These records contain pictures, which must be left out; copy exactly the lines from the one with "A Puik Clork" up to and including the one with "Labradorite Serena Moon".

▶ Supplied data
☆ ☆ ☆ ☆ ☆ ☆ ☆

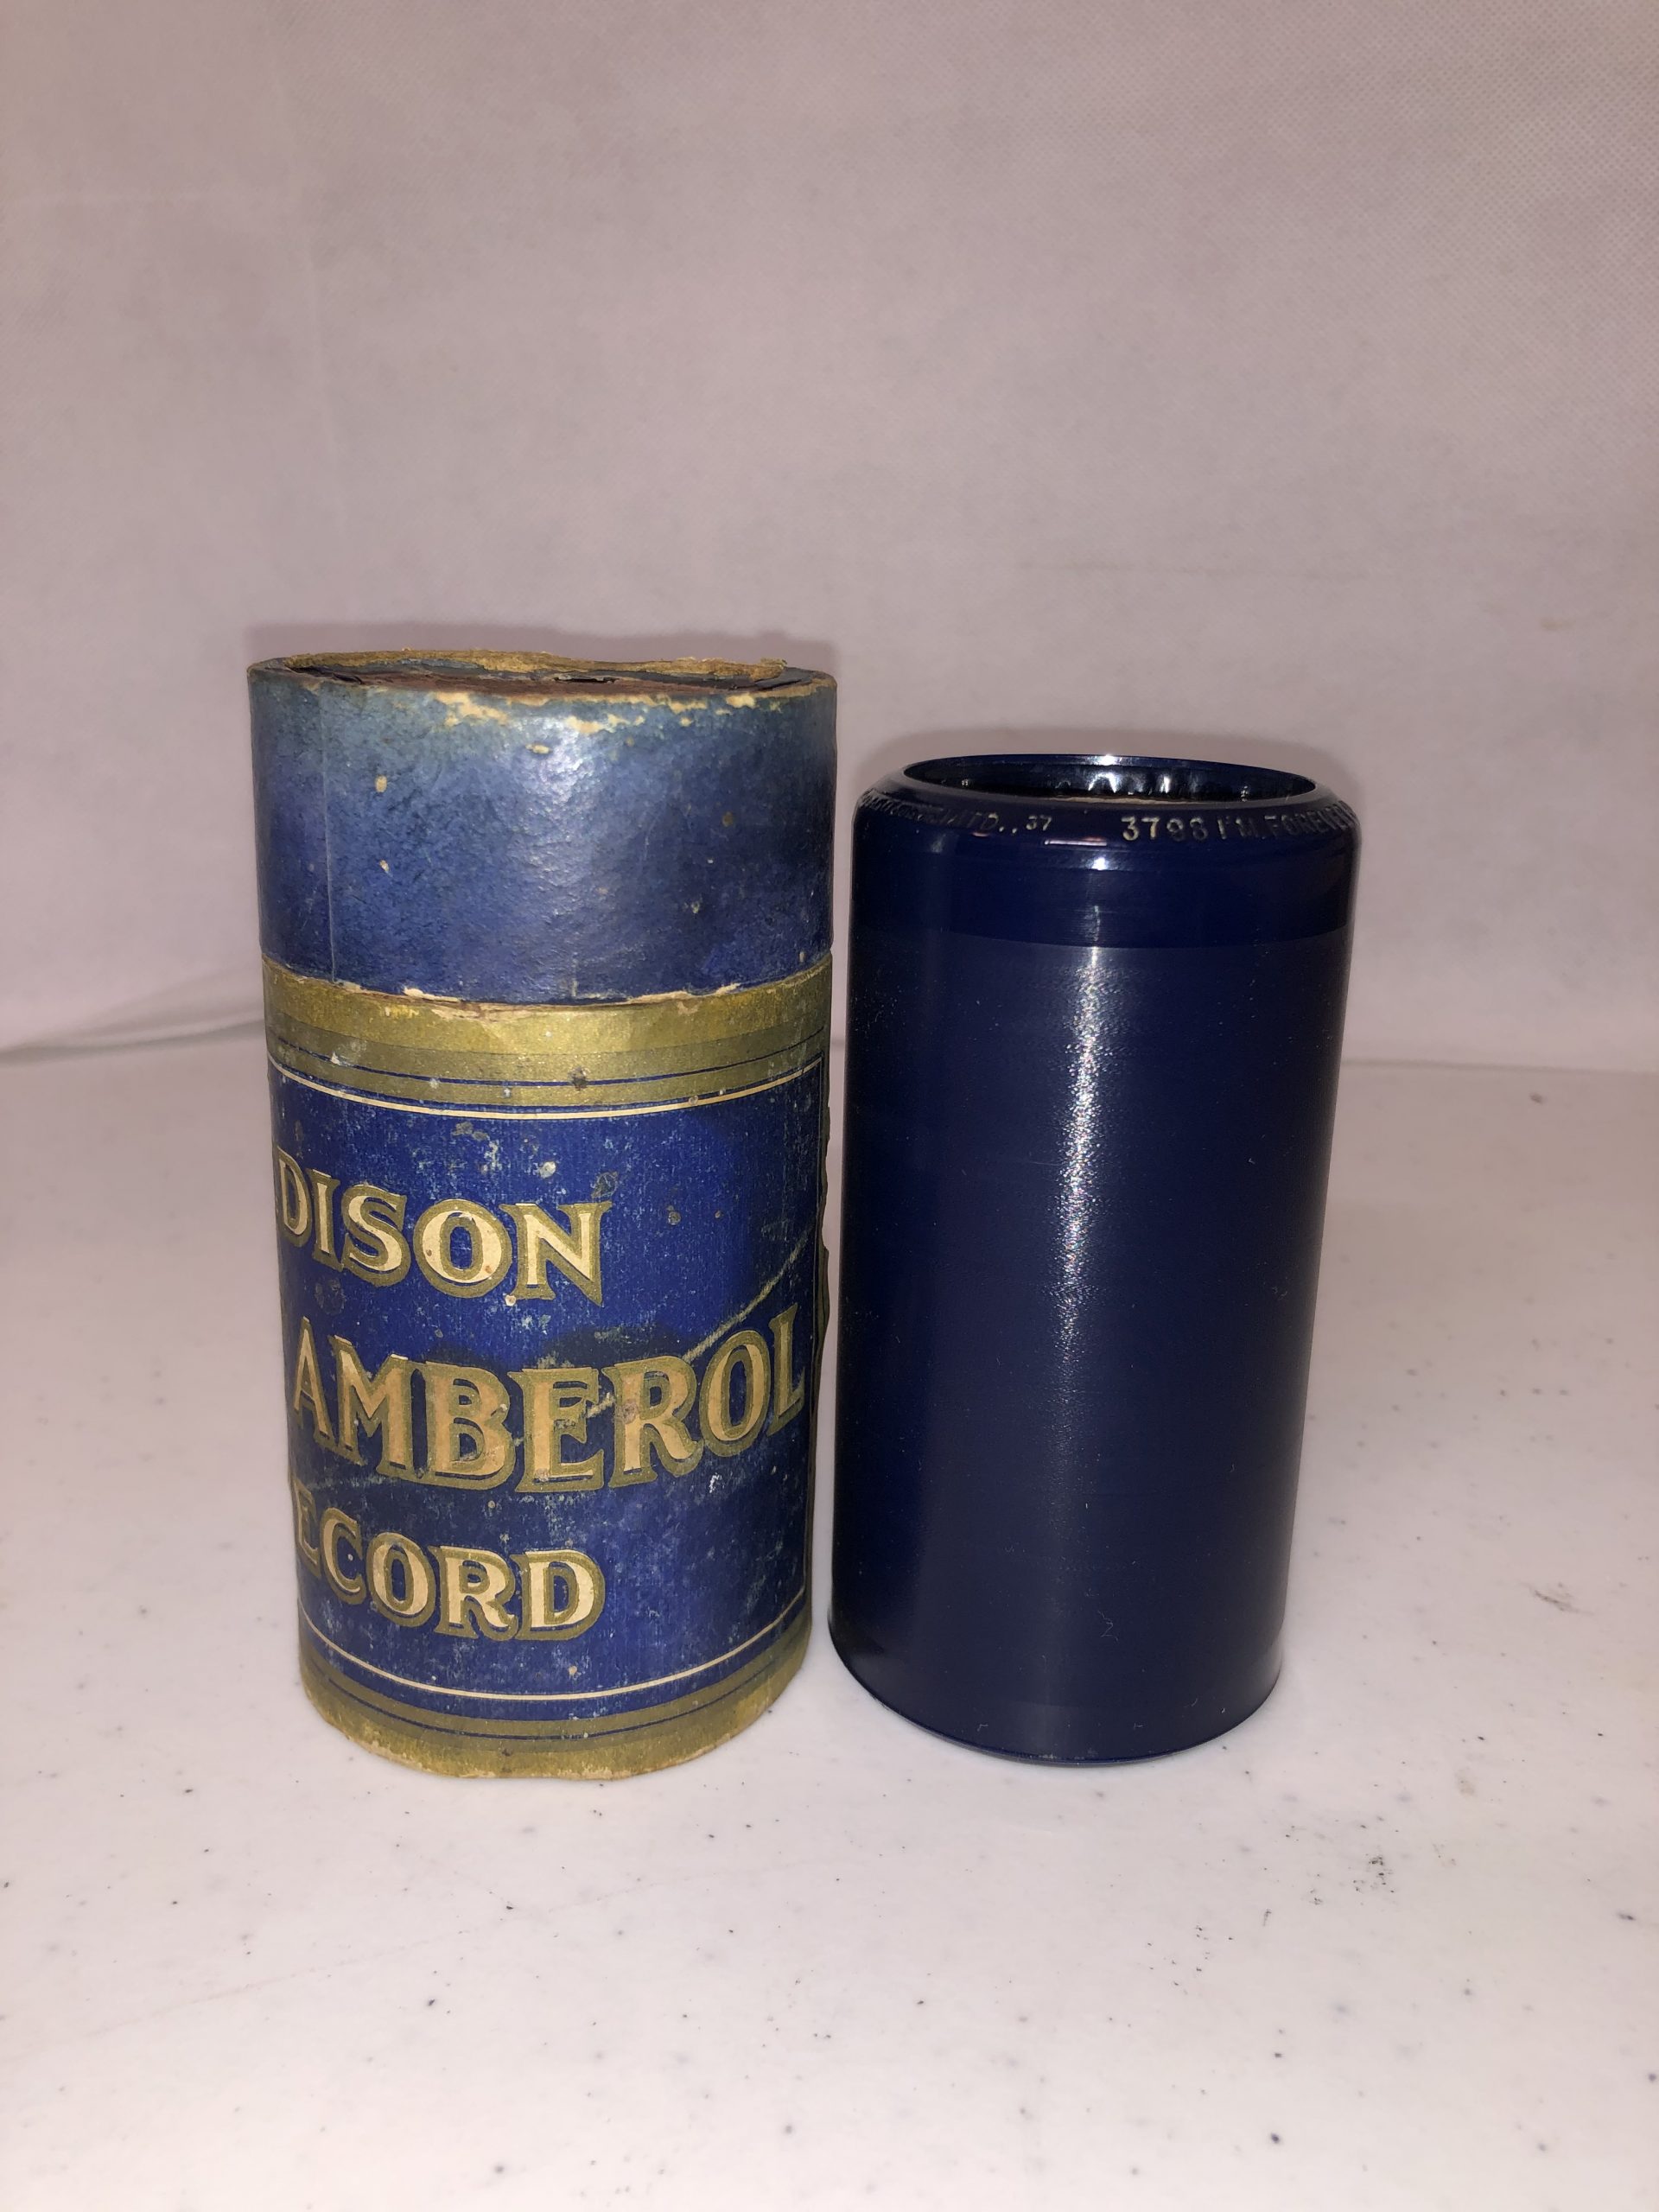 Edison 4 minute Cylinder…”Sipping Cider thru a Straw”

☆ ☆ ☆ ☆ ☆ ☆ ☆

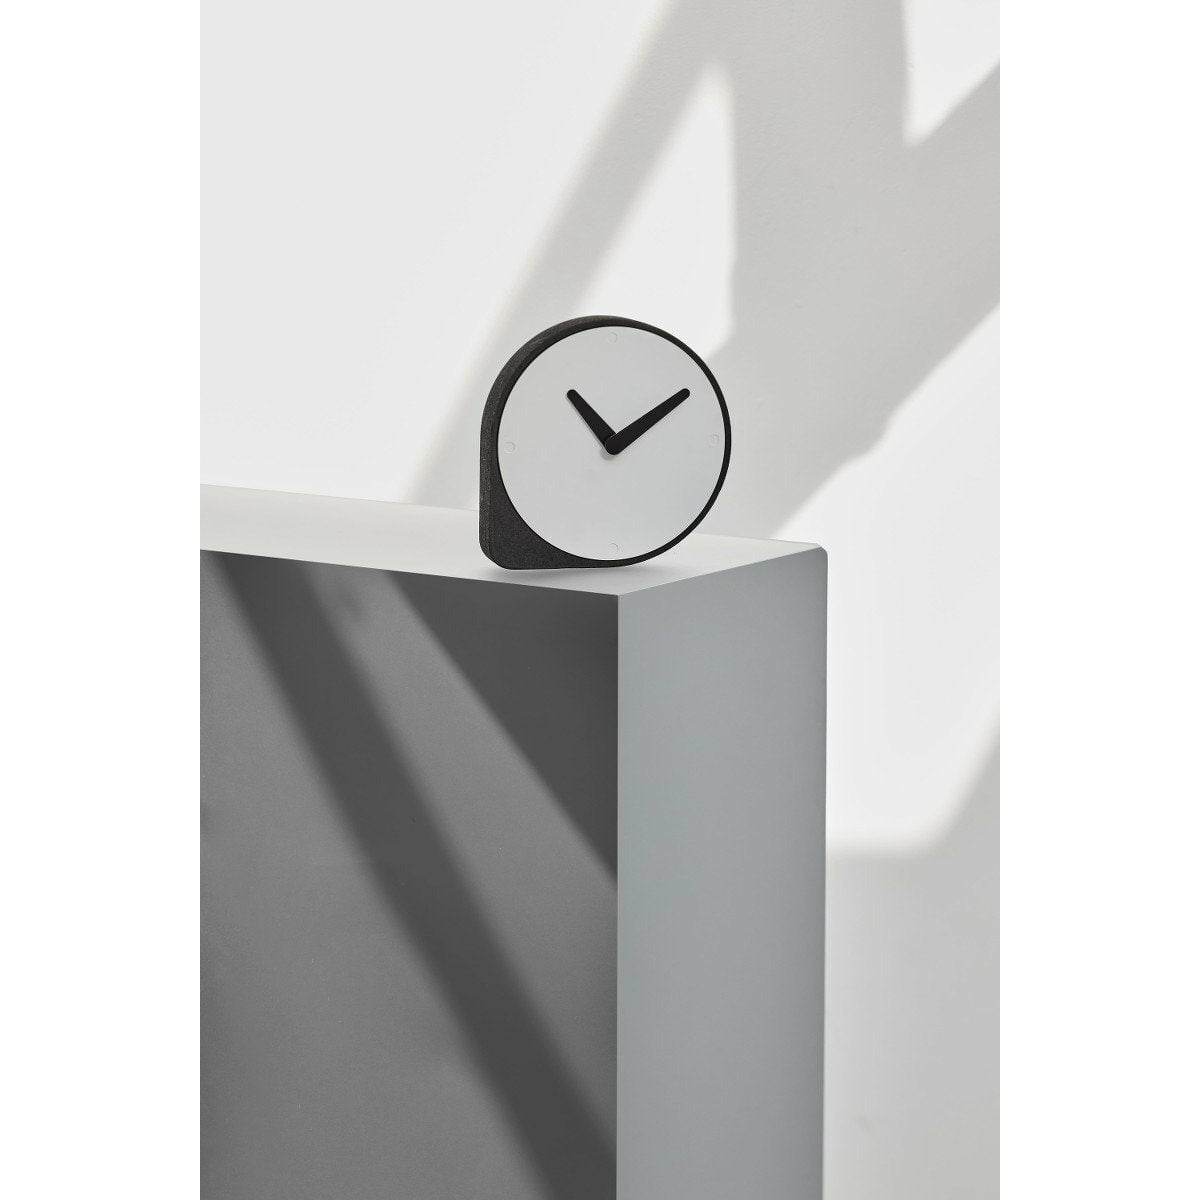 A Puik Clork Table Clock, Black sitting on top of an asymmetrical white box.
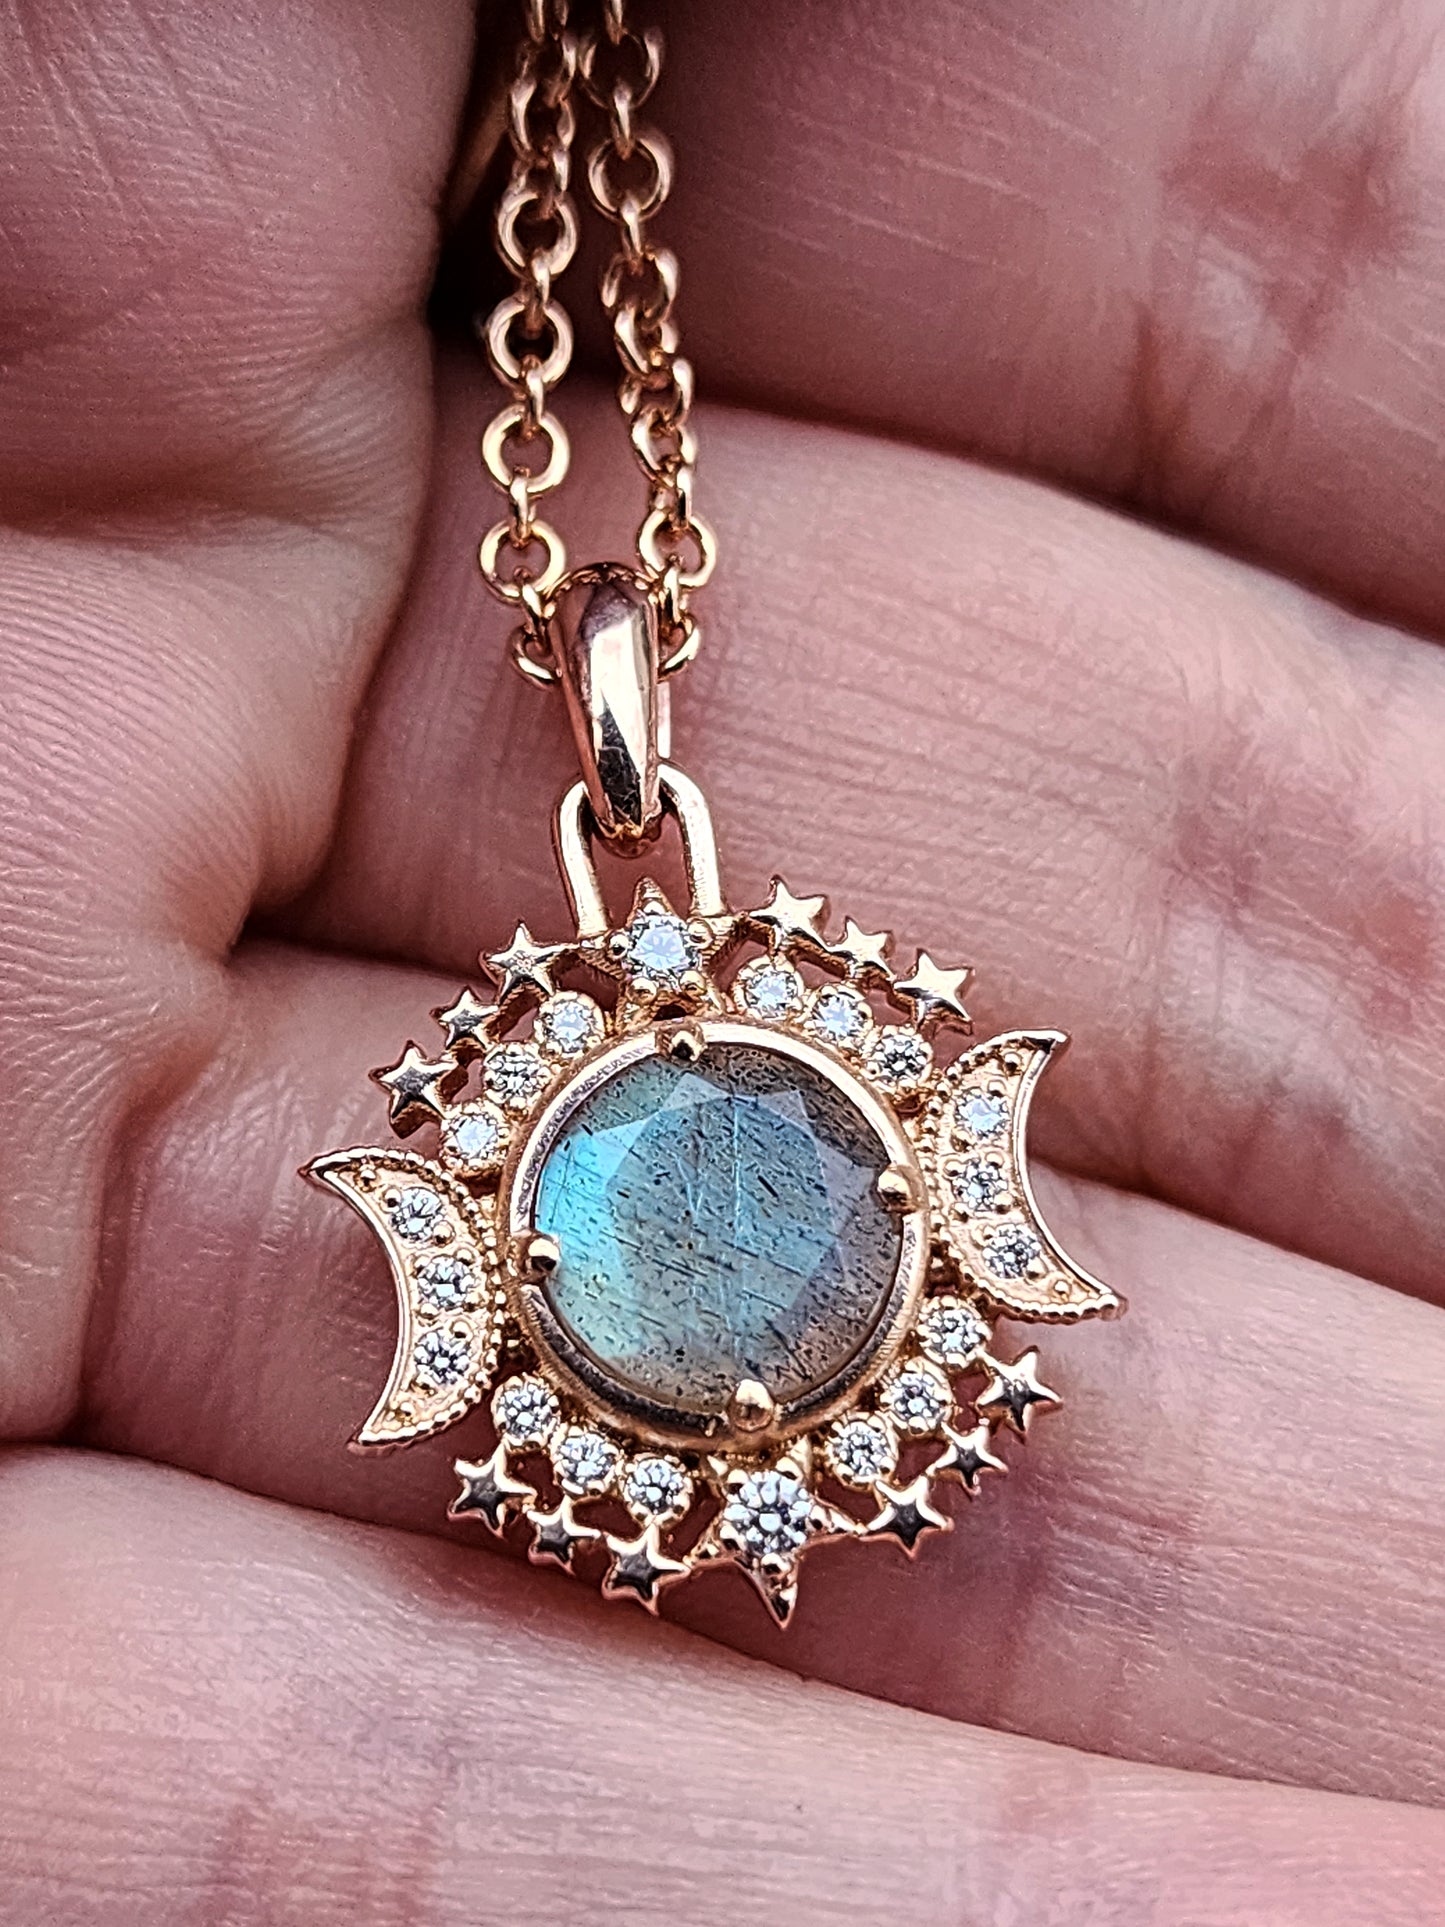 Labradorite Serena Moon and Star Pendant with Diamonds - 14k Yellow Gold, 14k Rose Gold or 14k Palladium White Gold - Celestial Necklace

☆ ☆ ☆ ☆ ☆ ☆ ☆

▶ Written response
 A Puik Clork Table Clock, Black sitting on top of an asymmetrical white box.
 Labradorite Serena Moon and Star Pendant with Diamonds - 14k Yellow Gold, 14k Rose Gold or 14k Palladium White Gold - Celestial Necklace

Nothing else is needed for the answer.